OUseful.Info, the blog…

Trying to find useful things to do with emerging technologies in open education

Trackforward – Following the Consequences with N’th Order Trackbacks

with 9 comments

One of the nice things about blogging within the WordPress ecosystem is the way that trackbacks/pingbacks capture information about posts that link back to your posts, in much the same way that using the link: search limit on a web or blog search engine allows you to see what other webpages are linking back to a particular web page.

In the latter case, for example, searching for link:http://hedebate.jiscinvolve.org/on-line-higher-education-learning/ on Google blogsearch will turn up blog posts that link back to the original HE Debate blog post on On-Line Higher Education Learning.

(Actually, that’s not quite true. In an apparent tweak of the Google blogsearch algorithm last year, the Google blogsearch engine now seems to be indexing and returning results from complete web pages rather than indexing the content of RSS feeds i.e. blog posts – which means that as well as the useful links referred to in the body of a post, links are also indexed from blogrolls, twitter feeds and bookmark lists displayed in blog sidebars, blog comments etc etc. Which in turn is to say that Google blogsearch qua a web search of blog web pages is not much use as a blog search engine at all…)

By judicious linking back to your own blog posts, it’s possible to build up quite complex pathways between related posts that are navigable in two directions: from one post that links to another, previously published post, via an inline link; and “forwards” in time to a later post that has itself linked back to a post of interest and been picked up via a trackback/pingback.

(For examples of these emergent link structures, see Emergent Structure in the Digital Worlds Uncourse Blog Experiment, Uncovering a Little More Digital Worlds Structure and Trackback Graphs and Blog Categories.)

So the question arises – if I write a blog post that several other people link back to, and several further posts in turn link back to those posts that referred back to my post, but not my original post, how do I keep track of the conversation?

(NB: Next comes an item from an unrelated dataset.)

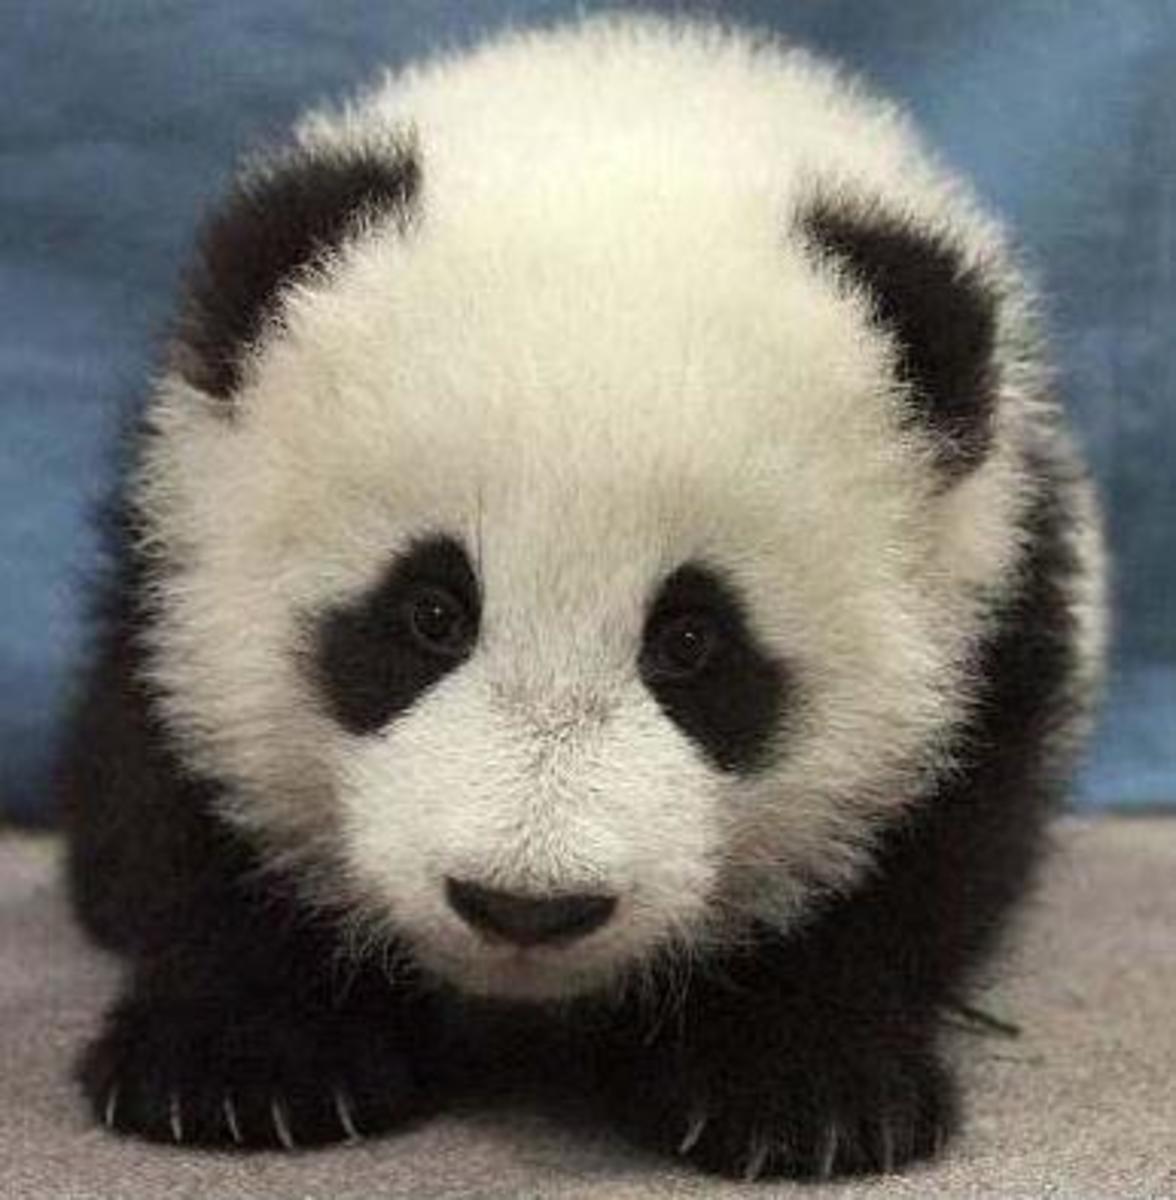 Cute panda baby

Keeping track of posts that cite my post is easy enough – if I have an effective pingback set-up, that will tell me who’s linking back to my posts; or I can simply run link: searches against the URLs of my posts every so often to see who the search engines think are linking back to me.

The answer lies in a recursive algorithm of the form:

function showInLinks($url){
  $links=getLinksto($url);
  foreach ($link in $links){
    print $link;
    showInLinks($link)
  }
}

This will then display URLs for the pages that link to an originally specified URL, the URLs of pages that link to those URLs, and so on…

So here for example is a quick test:

The items numbered “1.” are links that Google blogsearch thinks link back to the original URL. The items numbered “2.” are links that link to the links that link back to the original URL.

Here’s some minimal PHP code if you want to try it out:

<?php
$urlstub = "http://ajax.googleapis.com/ajax/services/search/blogs?scoring=d&v=1.0&rsz=large&q=link%3A";
$url="http://halfanhour.blogspot.com/2008/11/future-of-online-learning-ten-years-on_16.html";
if ($_GET['url']) $url=$_GET['url'];
$testurl=$urlstub.$url;
echo "Starting with: ".$url."<br/>";
echo "via: ".$testurl."<br/><br/>";
$depth=0;

function handlelinks($url, $depth){
	$urlstub = "http://ajax.googleapis.com/ajax/services/search/blogs?v=1.0&rsz=large&q=link%3A";
	//echo "testing".$url."  ";
	$depth++;
	$testurl=$urlstub.$url;
	//echo "testing ".$testurl."  ";
	$ch = curl_init();
	curl_setopt($ch, CURLOPT_URL, $testurl);
	curl_setopt($ch, CURLOPT_RETURNTRANSFER, 1);
	$body = curl_exec($ch);
	curl_close($ch);
	// now, process the JSON string
	$json = json_decode($body);
	//var_dump($json); echo "<br/&gt";    
	if ($depth<3) 
	  foreach (responseData->results as $result) {
		for ($i=0;$i<$depth;$i++) echo "  ";
		echo $depth.".$result->title;
		echo "<a href='".$result->postUrl."'>".$result->postUrl."</a><br/>";
		handlelinks($result->postUrl, $depth);
	 }
}
handlelinks($url, $depth);
?>

By using this sort of algorithm to generate an RSS feed of links, it becomes possible to subscribe to a feed that will keep you updated of all the downstream posts (“blogversation” posts) that are contributing to a discussion that at some point referred to a URL you are interested in.

Written by Tony Hirst

January 8, 2009 at 1:09 pm

Posted in Analytics, Tinkering

Tagged with

9 Responses

Subscribe to comments with RSS.

  1. That’s very clever, Tony…. I may need one, two more cups of coffee to process. Thoughts and questions:

    * As a recursive function, should there me some exit condition? Of course that assumes some insane popularity of a URL

    * Are there any implications for hitting the google api so many times?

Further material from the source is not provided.